Видно, Курносов все правильно изложил, потому что у Ивана даже руки ходуном заходили.
— Ты как, гнида, все вынюхал? Ты что, следил за мной? Урка вонючая!
— Фу, какой слог, а еще партийный работник, — сморщился насмешливо Василий. — Ты вот что, Иван, чем гадать, что да как, верни для начала Павлу медальон, а уж потом мы продолжим нашу беседу, а то он, видишь ли, сильно по этому поводу переживает. А я ему обещал, что медальон к нему вернется, к законному владельцу.

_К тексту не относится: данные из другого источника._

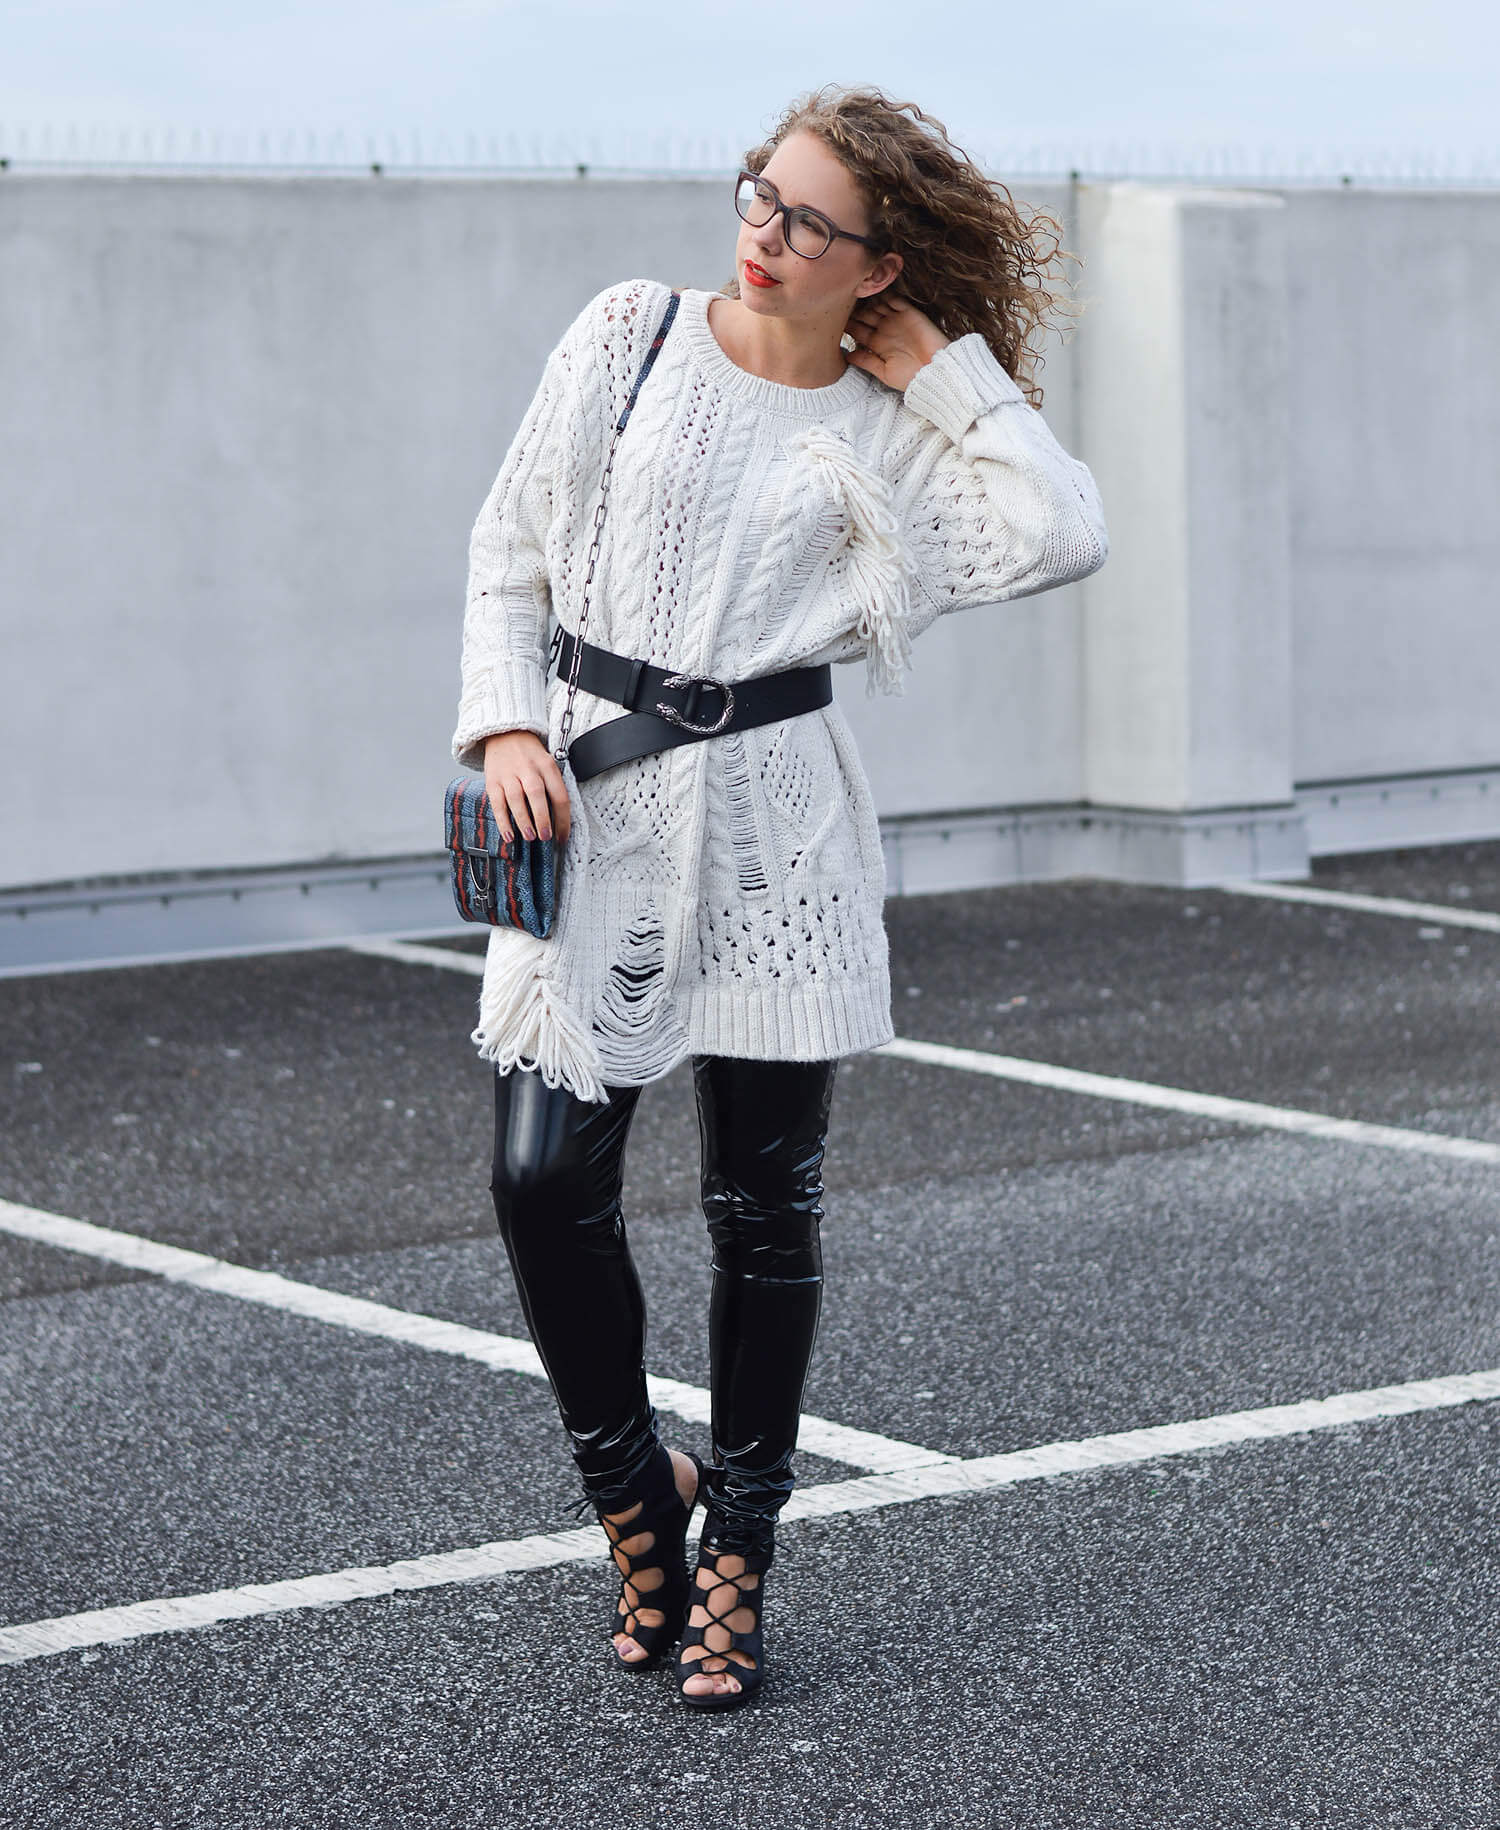 kationette-fashionblogger-nrw-Outfit-Vinyl-Pants-oversized-Zara-Knit-Coccinelle-Bag-and-Gucci-Belt
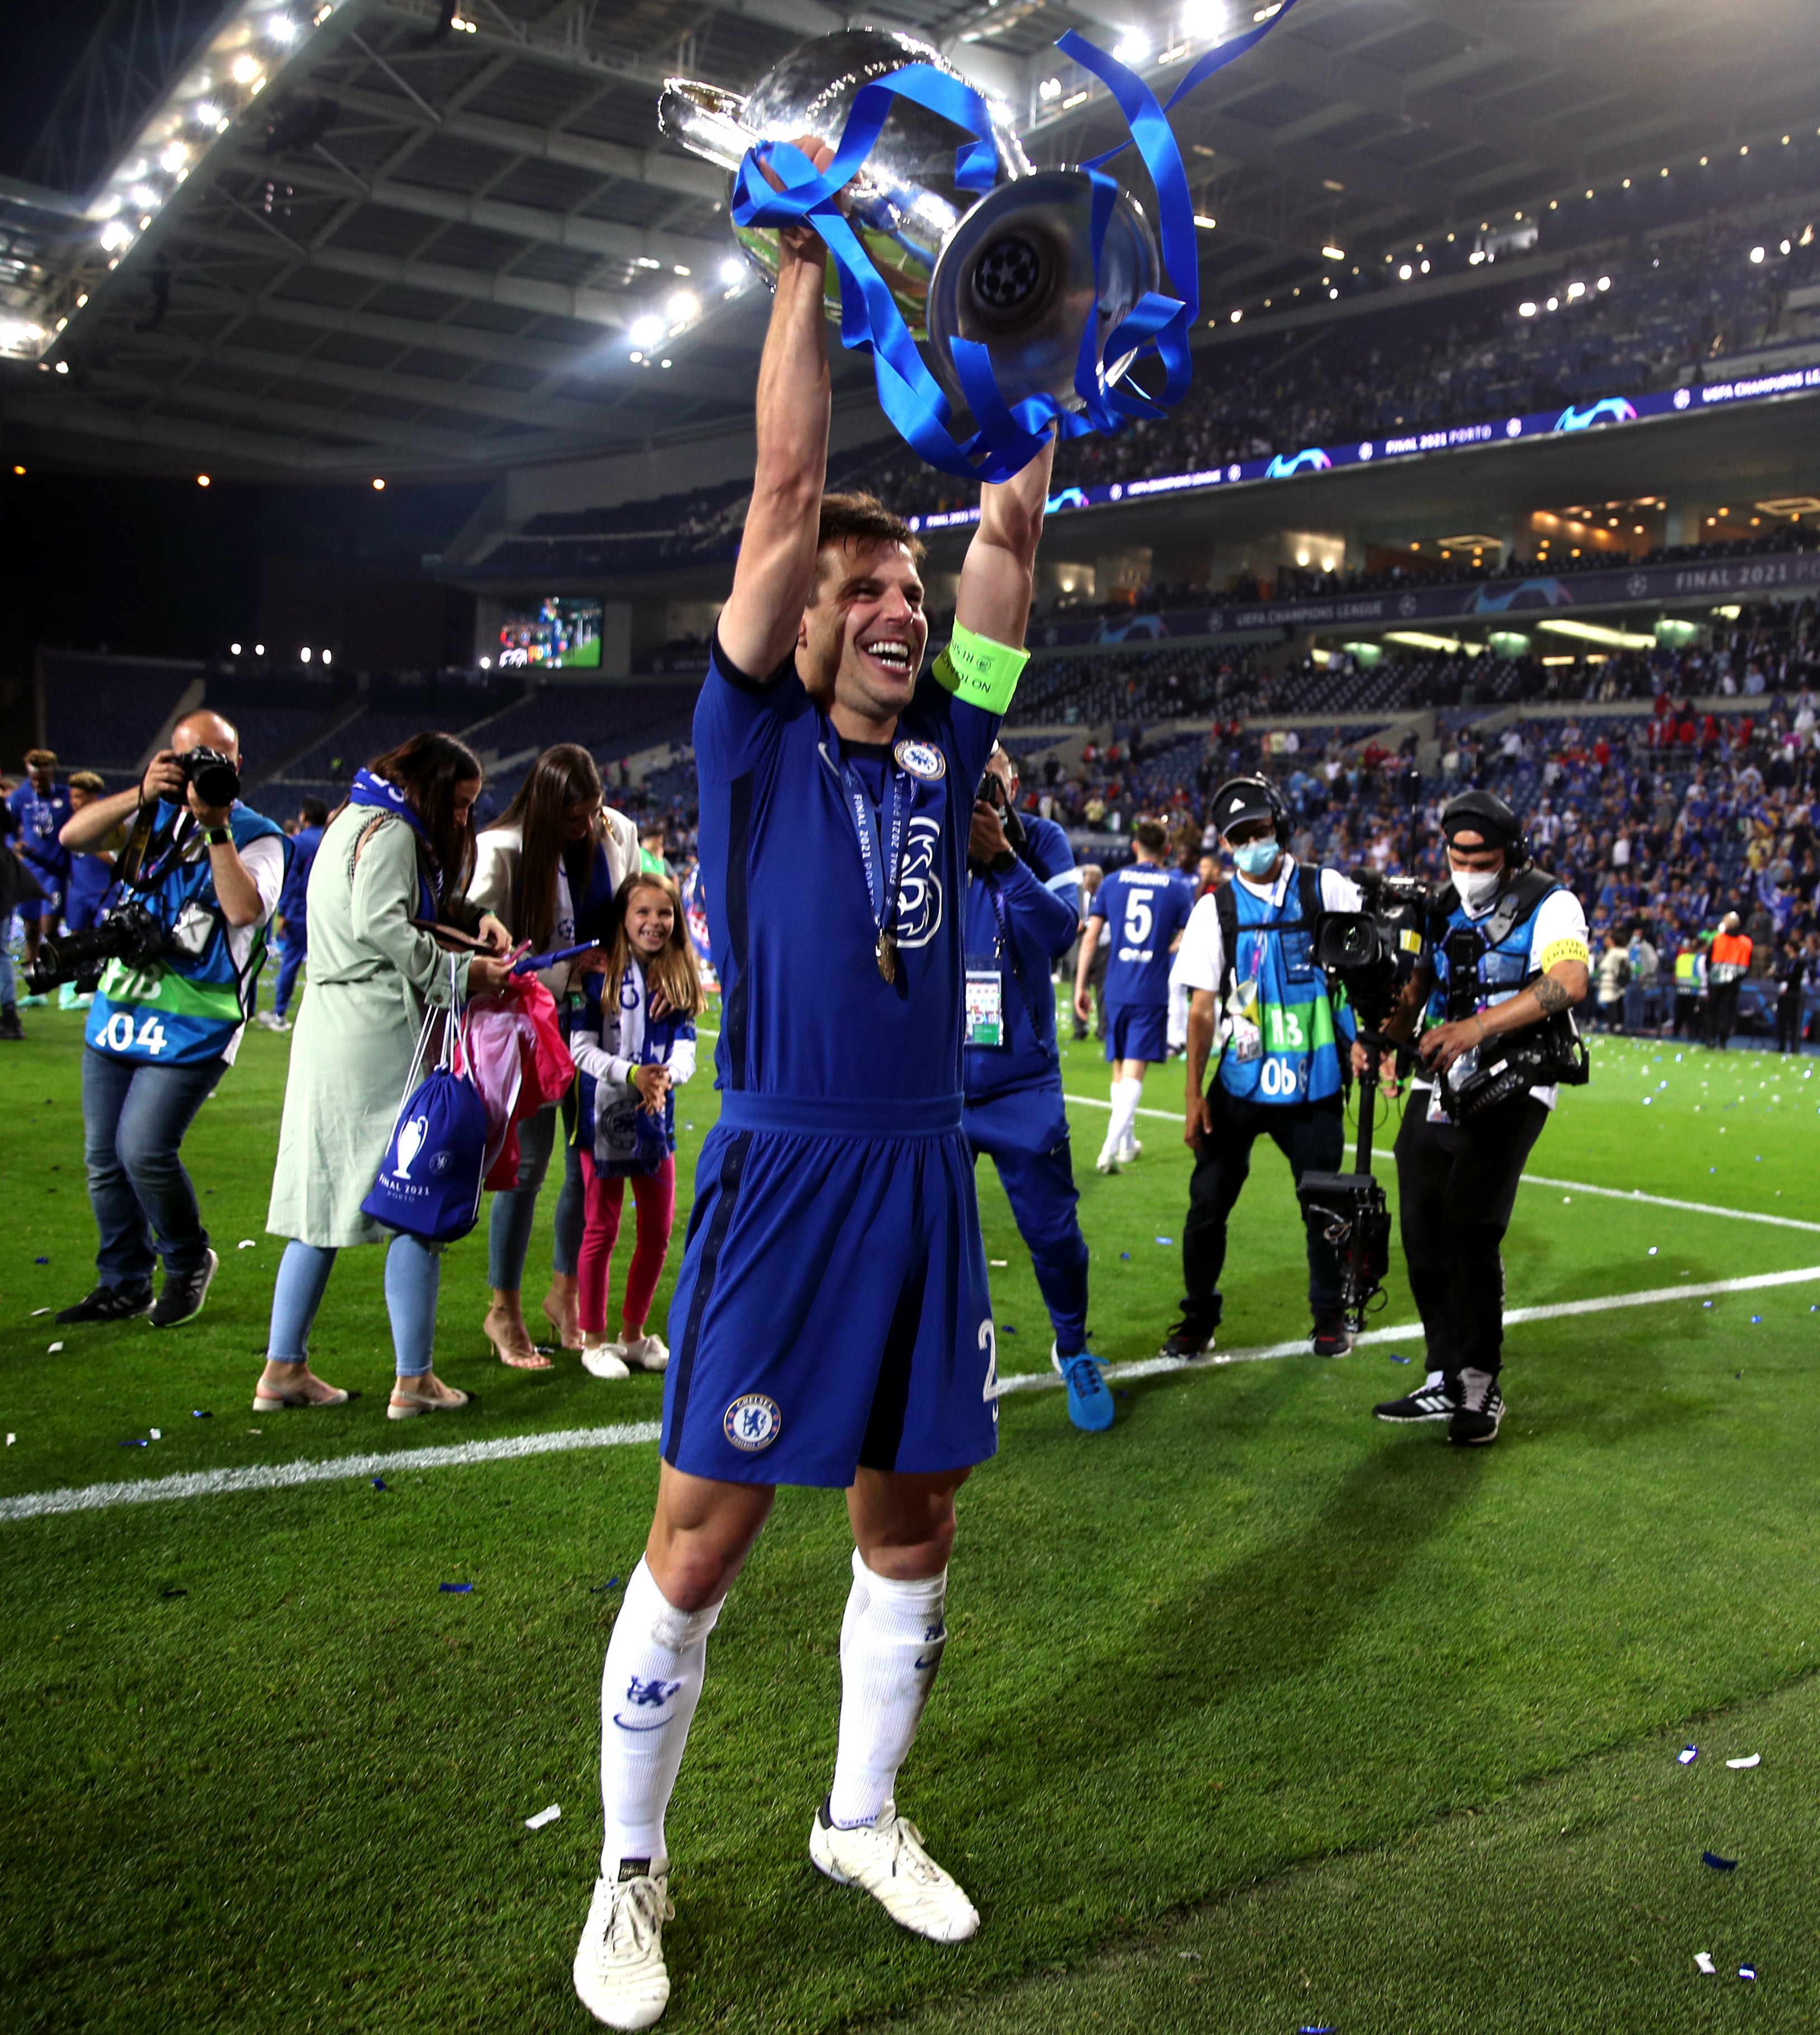 Cesar Azpilicueta, pictured, has revealed the maelstrom of emotions swirling round Chelsea's Champions League triumph

Павел, который все это время хмуро слушал их беседу, пытаясь разобраться, кто из них прав и кто ему друг, встрепенулся и решительно шагнул вперед.
— Верни медальон, Иван.
— Медальон? — протянул Иван, издевательски тараща на него глаза.
Вот тут Павел ясно понял, кто ему друг.
— Верни, Иван. Она мне его подарила. Что бы ты себе ни придумывал. Так что верни, а то хуже будет. Я же и в милицию могу заявить, а Василий вот подтвердит, что ты его украл. — И он бросил короткий неуверенный взгляд на Курносова, но тот молча и твердо кивнул в ответ.
— Ах, вот как? Друга за золотую финтифлюшку продал? Дешево. А ведь ты небось коммунист? Интересно, как в твоей партячейке посмотрят на то, что ты столь самозабвенно хранишь царские побрякушки?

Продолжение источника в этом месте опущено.